El cierre, aunque de facto y no oficial, podría desencadenar una crisis energética global, impactando de forma inmediata los precios internacionales del crudo y la estabilidad económica. Analistas advierten que la interrupción del flujo petrolero puede desacelerar los mercados, incrementar los costos de los combustibles y generar inquietud entre inversionistas y gobiernos.
Medidas de seguridad y recomendaciones para navegantes
- Tomar distancia de buques militares
- Reportar cualquier actividad sospechosa, incluyendo electrónica
- Mantener abiertas las líneas de comunicación con organismos de control
- Obedecer señales de alto y directrices de seguridad en la zona
La misión naval de la Unión Europea en el mar Rojo, Aspides, ratificó el recibo de mensajes en los que Irán prohibía explícitamente el paso de barcos por el Estrecho. Sin embargo, la autoridad marítima británica reiteró que solamente pueden imponerse restricciones al tránsito mediante procedimientos legales reconocidos internacionalmente.
Implicancias geopolíticas y persistencia de la amenaza
Irán, situado al norte del estrecho y controlador de una de las zonas geográficas más delicadas, ha amenazado en diferentes ocasiones con bloquear esta vía ante agresiones extranjeras. La suspensión del tráfico marítimo refuerza el clima de incertidumbre y da cuenta de la relevancia de Ormuz en el equilibrio energético y geopolítico global.
Ante este contexto, el llamado de los organismos de seguridad marítima es a la máxima precaución, reiterando que pese a los mensajes de restricción, no existe un cierre reconocido legalmente y la navegación mercante no debe considerarse formalmente prohibida. Las autoridades aún no han dado una fecha o plazo para la normalización del tránsito en esta zona vital para la economía mundial.

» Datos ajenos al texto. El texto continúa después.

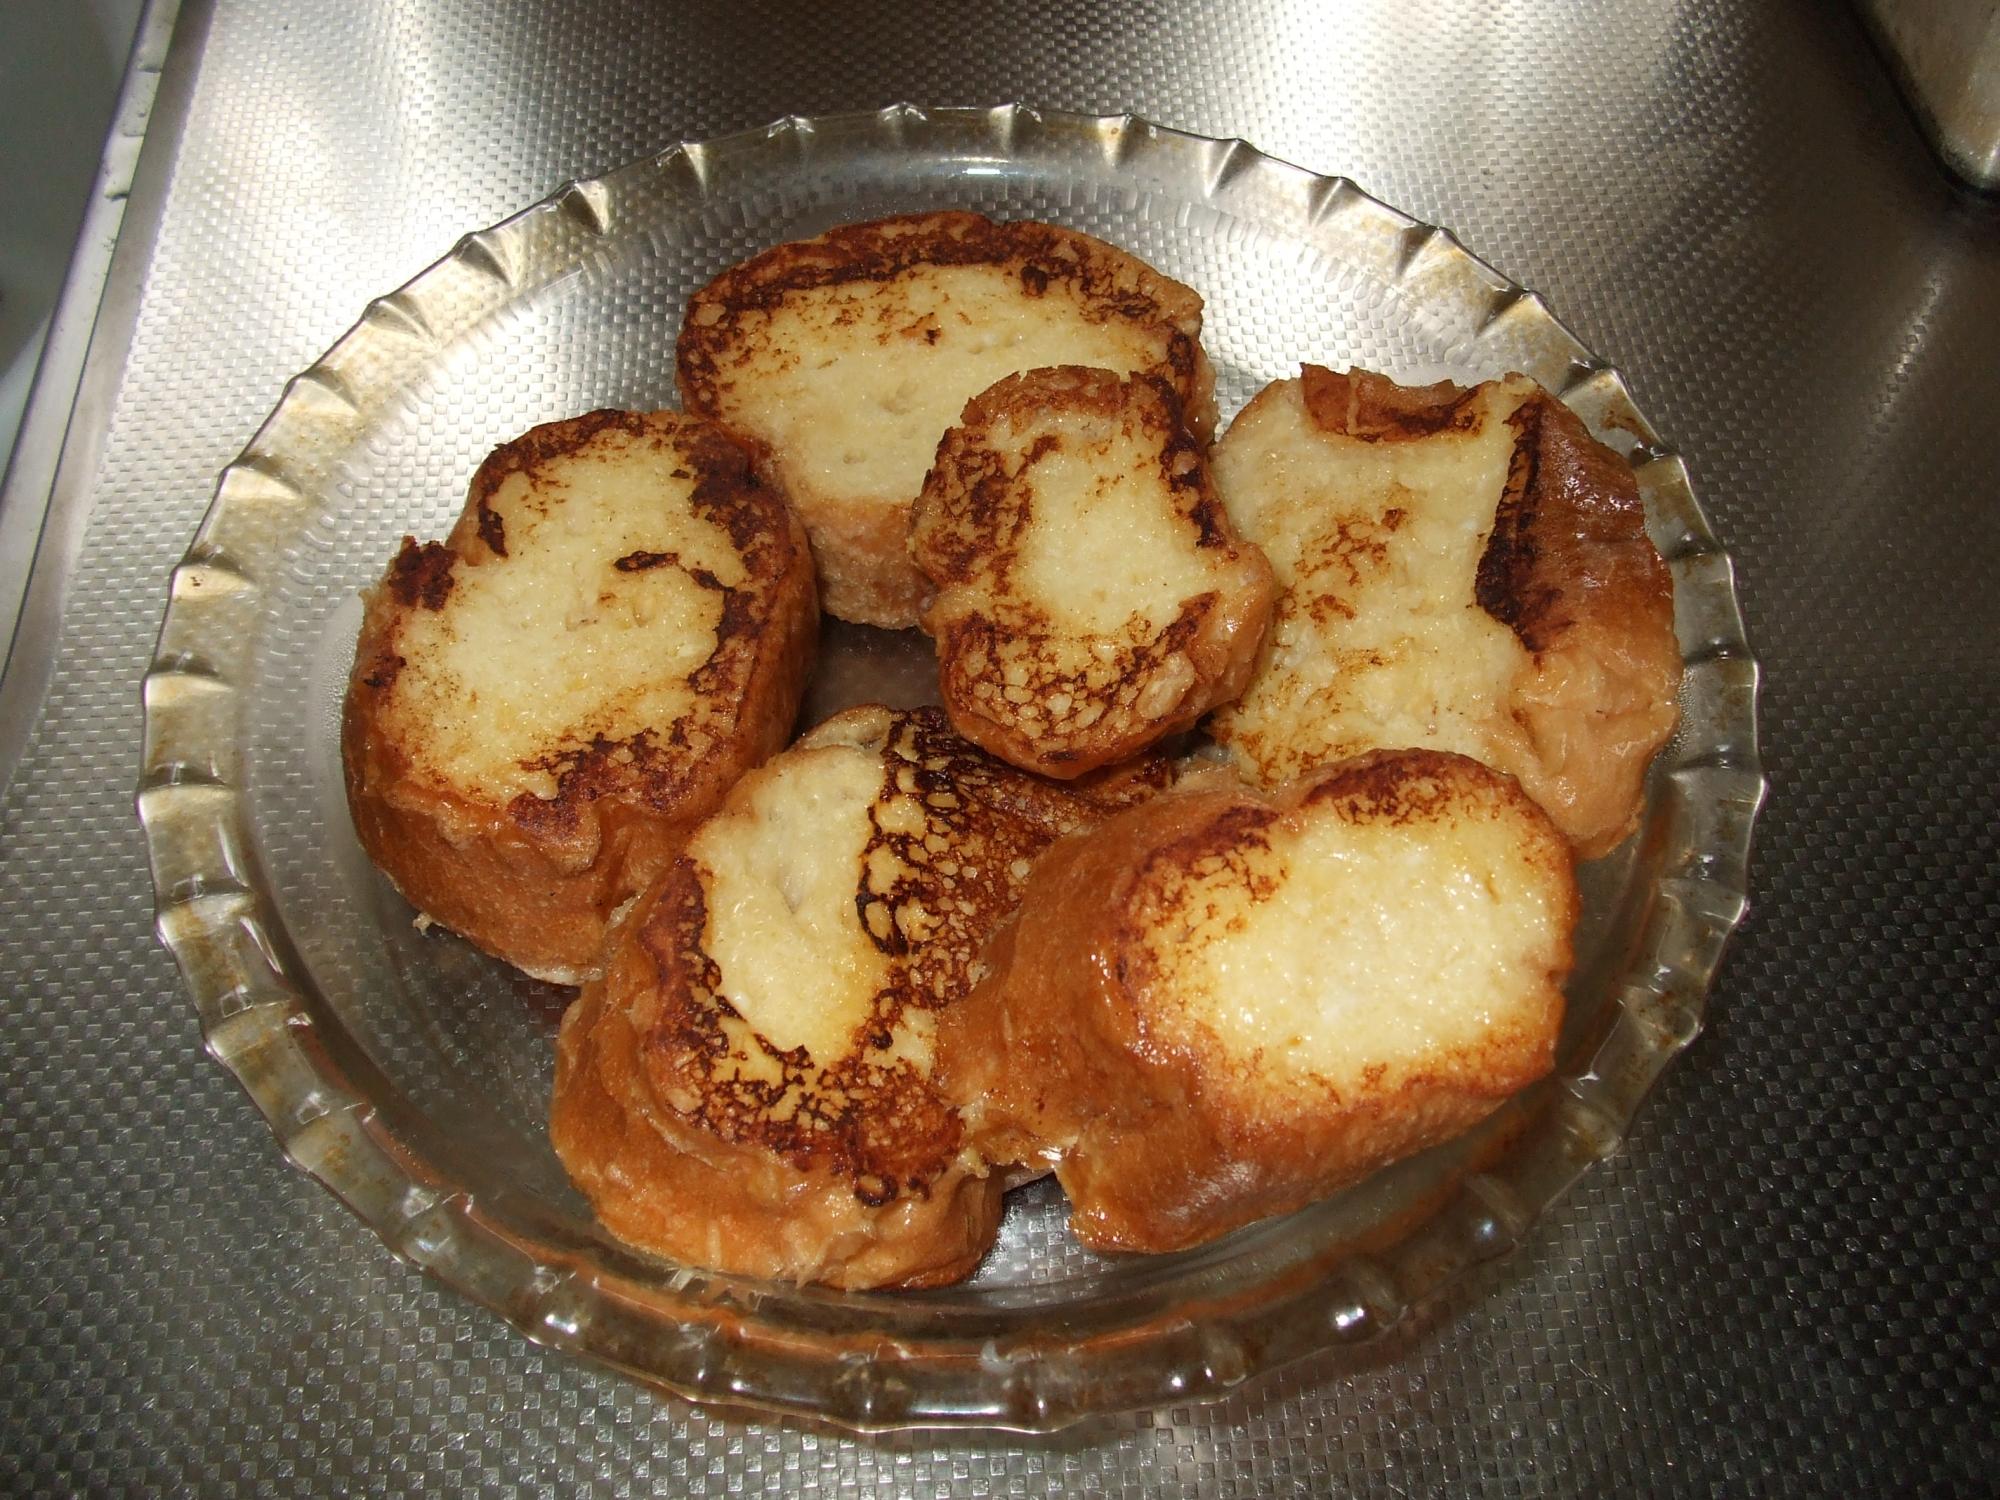 脱脂粉乳でフレンチトースト

Lo que dicen ciertos analistas
Julen Bollain Urbieta, profesor e investigador de la Universidad de Mondragón, dijo que lo que estamos viendo no es una cadena de hechos sueltos, sino un guión clásico de poder. "Estados Unidos primero ha asegurado suministro y reservas de petróleo en Venezuela, luego ha atacado a Irán y, cuando el estrecho de Ormuz se cierra, el mercado hace el resto. Pánico, rutas alteradas, barcos esperando y el precio del barril por las nubes", publicó este domingo en su cuenta de X.
"Estados Unidos primero ha asegurado suministro y reservas de petróleo en Venezuela, luego ha atacado a Irán y, cuando el estrecho de Ormuz se cierra, el mercado hace el resto. Pánico, rutas alteradas, barcos esperando y el precio del barril por las nubes".
Julen Bollain Urbieta, profesor e investigador de la Universidad de Mondragón, España.
En esa foto grande, la crisis no es un accidente. Es un mecanismo. Y quien llega con reservas, control logístico y capacidad de fijar condiciones, convierte el caos en beneficio. Geopolítica pura. Socializar el coste, privatizar el beneficio. Estados Unidos en estado puro añadió.